Pertempuran berkecamuk di perbatasan timur Myanmar dengan Thailand pada Sabtu (20 April), kata kedua pemerintah, memaksa 3.000 warga sipil melarikan diri ketika pemberontak berjuang untuk mengusir pasukan junta Myanmar yang bersembunyi selama berhari-hari di penyeberangan perbatasan jembatan.
Pejuang perlawanan dan pemberontak etnis minoritas merebut kota perdagangan utama Myawaddy di sisi perbatasan Myanmar pada 11 April, sebuah pukulan bagi militer yang dilengkapi dengan baik yang berjuang untuk memerintah dan menghadapi ujian kredibilitas medan perang.
Saksi mata di sisi perbatasan Thailand dan Myanmar mengatakan mereka mendengar ledakan dan tembakan senapan mesin berat di dekat jembatan strategis dari Jumat malam hingga Sabtu.
Penyiar Thailand NBT, dalam sebuah posting di X, mengatakan pasukan perlawanan menggunakan senapan mesin 40 mm dan menjatuhkan 20 bom dari pesawat tak berawak untuk menargetkan sekitar 200 tentara junta yang telah mundur dari serangan pemberontak terkoordinasi di Myawaddy dan pos-pos militer sejak 5 April.

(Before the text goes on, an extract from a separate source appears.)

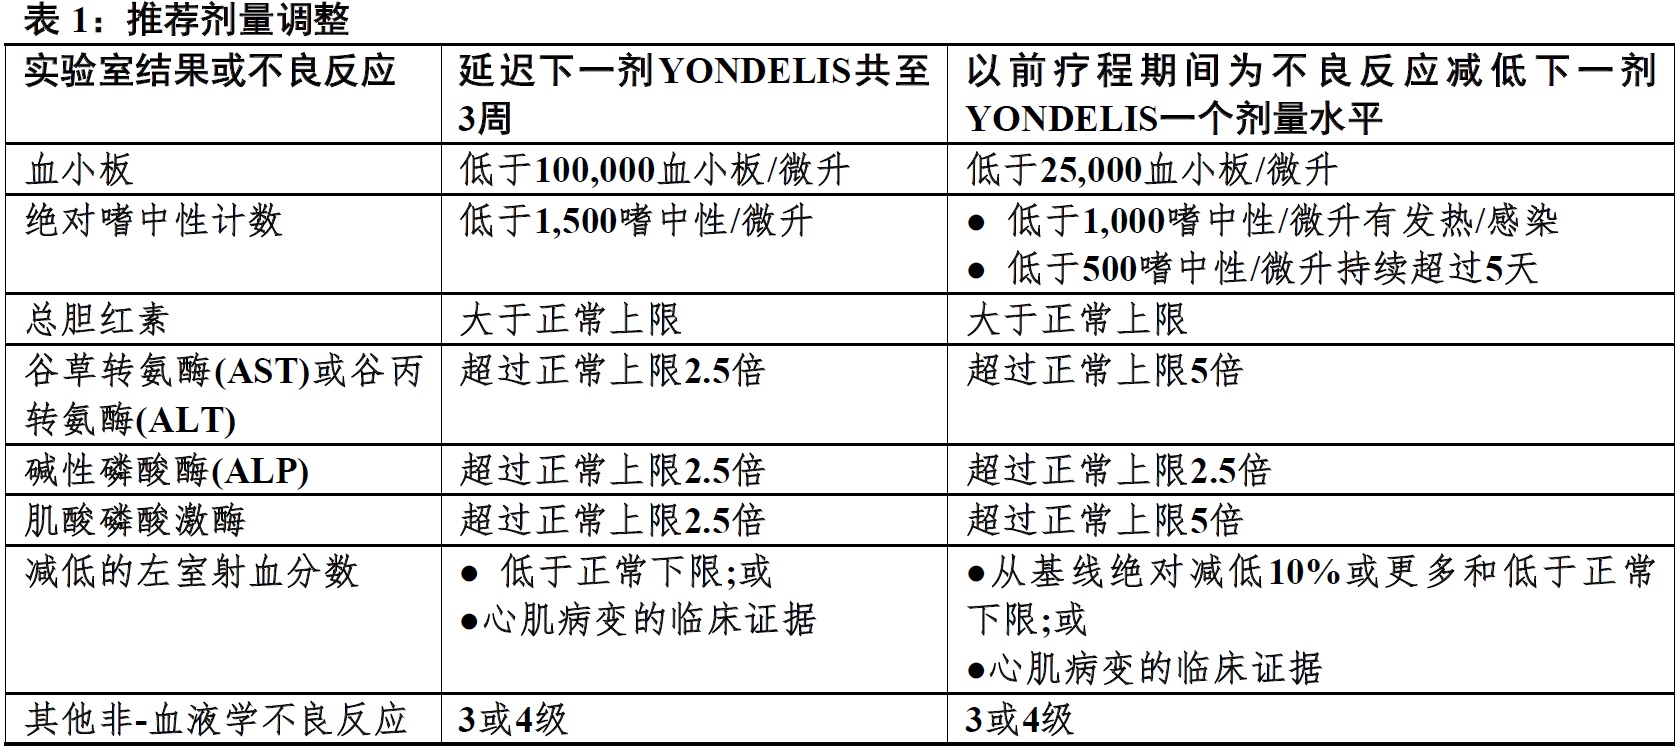 Yondelis(曲贝替定[trabectedin])使用说明书2015年第一版

MRTV yang dikelola pemerintah Myanmar dalam siaran berita malamnya mengatakan milisi dan pemberontak etnis minoritas telah menggunakan penembakan dan pemboman berlebihan untuk menyerang pasukan junta, dan pasukan pemerintah telah menanggapi dengan serangan udara untuk mencoba menjaga stabilitas. Dikatakan pemberontak mundur setelah menderita banyak kerugian.
Reuters tidak dapat segera memverifikasi laporan pertempuran tersebut.
Perdana Menteri Thailand Srettha Thavisin mengatakan dia memantau dengan cermat kerusuhan dan negaranya siap memberikan bantuan kemanusiaan jika perlu.
Menurut angka yang dikumpulkan oleh militer Thailand dan otoritas provinsi, 3.027 orang pada hari Sabtu melintasi perbatasan untuk mencari perlindungan sementara di kota Mae Sot.
Militer Myanmar menghadapi tantangan terbesarnya sejak mengambil alih bekas koloni Inggris itu pada tahun 1962, terjebak dalam berbagai konflik intensitas rendah dan bergulat untuk menstabilkan ekonomi yang telah hancur sejak kudeta tahun 2021 terhadap pemerintah peraih Nobel Aung San Suu Kyi.
[[nid:679419]]
Negara ini terkunci dalam perang saudara antara militer di satu sisi dan, di sisi lain, aliansi longgar tentara etnis minoritas yang mapan dan gerakan perlawanan yang lahir dari tindakan keras berdarah junta terhadap protes anti-kudeta.
Perdana Menteri Thailand Srettha mengatakan dia telah menginstruksikan semua lembaga Thailand untuk mempersiapkan semua situasi dan akan mengunjungi daerah perbatasan pada hari Selasa.
“Saya tidak ingin melihat bentrokan semacam itu berdampak pada integritas teritorial Thailand dan kami siap melindungi perbatasan kami dan keselamatan rakyat kami,” katanya di X.
Perebutan Myawaddy dan pos-pos militer di sekitarnya merupakan kemunduran signifikan bagi junta yang telah diperas oleh sanksi Barat, dengan kota itu menjadi sumber pendapatan pajak utama dan saluran untuk lebih dari US $ 1 miliar (S $ 1,36 miliar) perdagangan perbatasan tahunan.
Kementerian luar negeri Thailand mengatakan pihaknya berharap situasi akan segera normal dan telah mendesak pemerintah Myanmar untuk memastikan pertempuran tidak meluas ke perbatasan.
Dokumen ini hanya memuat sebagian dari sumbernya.